I had a nice, simple system in my old house with b&w 601s2 as fronts, and rear channels, with matched b&w center channel. All these were driven by a Denon 5.1 avr. 
In the new house I replaced the rear channels with in-wall units. Leaving me with an unused set of 601s. Would adding an amp and running these stacked with my mains provide additional presence and kick? 

What's the most cost effective way to do this? 

Thanks!


----------



## tonyvdb (Sep 5, 2007)

In general adding another set of speakers to the same front channels is not beneficial and can cause issues. What Deneon receiver are you using? depending on what receiver it may not even be possible to add an amp if it does not have pre outs.


----------



## nova (Apr 30, 2006)

Hard to say for sure. My guess is it would cause more issues than it would solve. I think you'd get more presence and kick with a good amp and/or a second sub.


----------



## tesseract (Aug 9, 2010)

Image specificity would be blurred by driver lobing (drivers interfering with each other causing peaks and nulls). The B&W 601 would be particularly prone to this due to the shallow first order crossovers, the overlap would be even greater than usual.

This used to be popular back in the day, stacking Advent Large. You could (I wouldn't) try it just for fun, inverting the top speaker to get the tweeters closer so that they work in unison rather that in opposition (the shorter the wavelength, the closer drivers must be to negate lobing).

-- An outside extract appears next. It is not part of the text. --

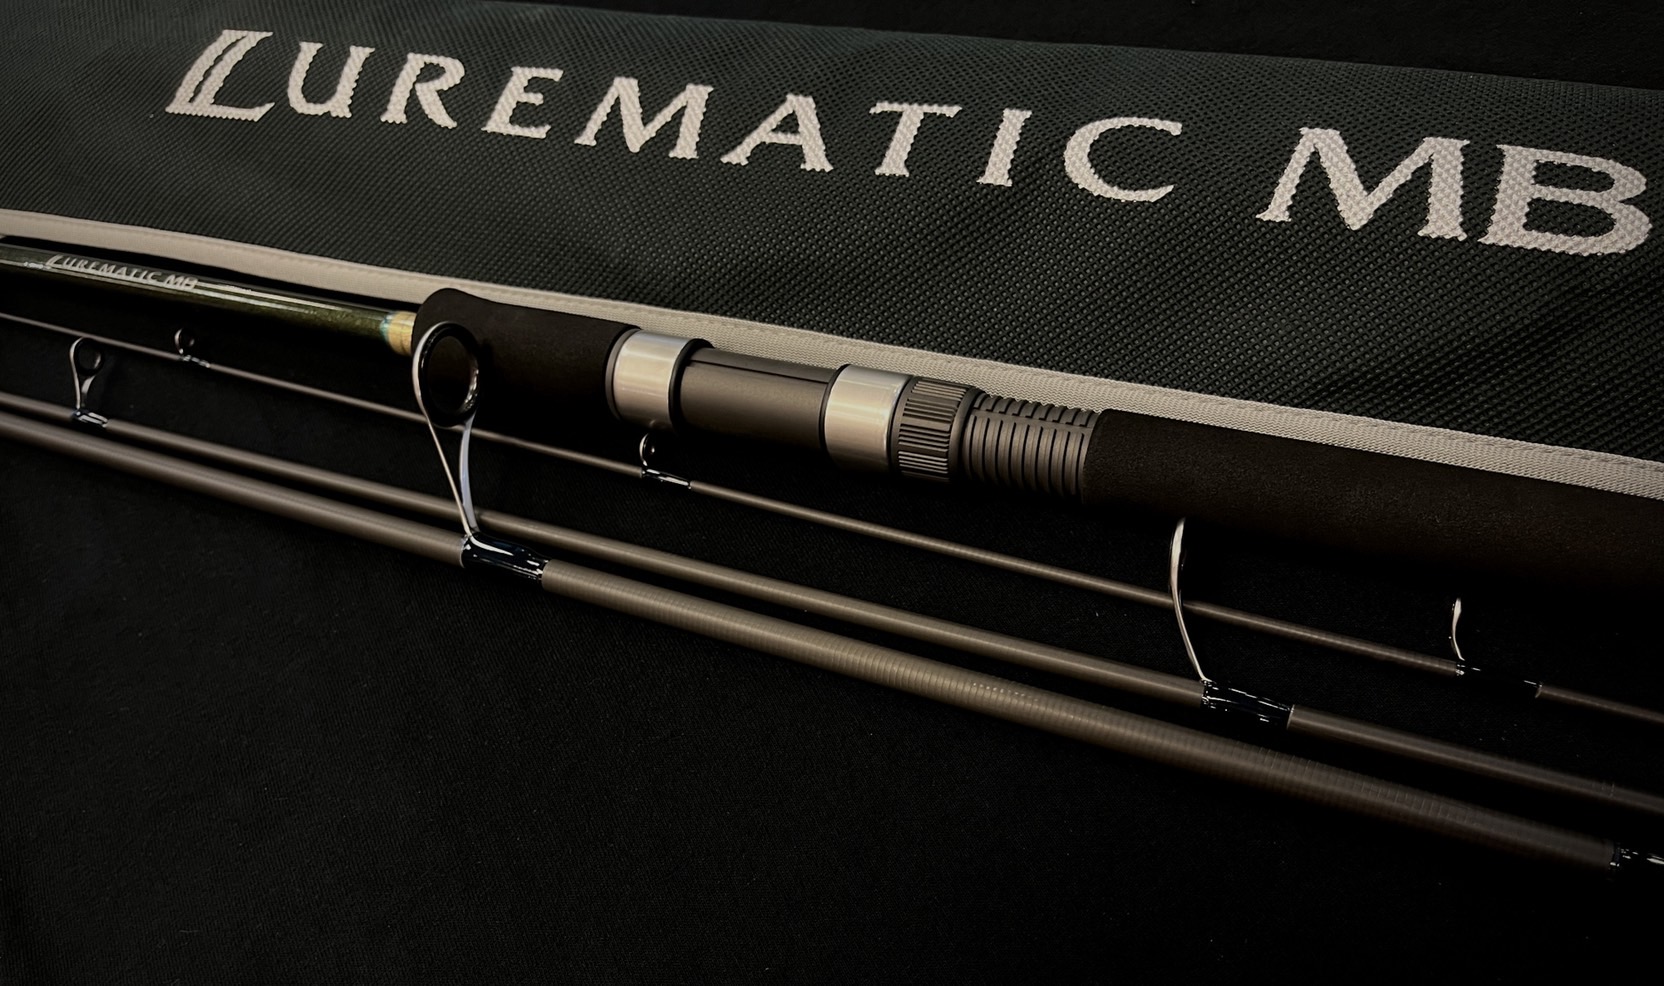 NEW ROD SHIMANO LUREMATIC MB S80L-4

Only do this with an amp that is capable of a 1 ohm load, though. I've owned B&W 601 and 602, those speakers are a DEMANDING load on an amp. Double these up and you could be subjecting your amp to a death sentence. That Denon won't cut it.

As you can see, it would probably be an exercise in futility for a few good reasons. I'd find another use for the second pair.


----------



## phillihp23 (Mar 14, 2012)

Perhaps use the extra pair as sides?


----------



## AudiocRaver (Jun 6, 2012)

It has already been said very clearly, but I had to chime in. Stacking another pair of front mains is likely to hurt far more than it helps. And you are starting out with a pretty nice pair of speakers, it would be a shame to compromise their performance.


----------



## designosaur (Mar 2, 2013)

Thanks for the great replies to my question. I loved the sound of the b&ws from the first time I heard them. No complaints on the sound quality. When I get some time and a few bucks put aside I'm hoping to build a pair of subs that add some weighty bottom end to compliment my mains. ( I'm running a battered bruised and borrowed JBL right now.). 


. I have a very large and open great room arrangement open to the kitchen, upstairs loft and kitchen. Its also very bright reflective and echo'y to my ears. Would the an audessy equipped receiver do any good here?


----------



## tesseract (Aug 9, 2010)

designosaur said:


> I have a very large and open great room arrangement open to the kitchen, upstairs loft and kitchen. Its also very bright reflective and echo'y to my ears. Would the an audessy equipped receiver do any good here?


It wouldn't hurt. Perhaps some absorption and/or diffusion treatments would help, too.


----------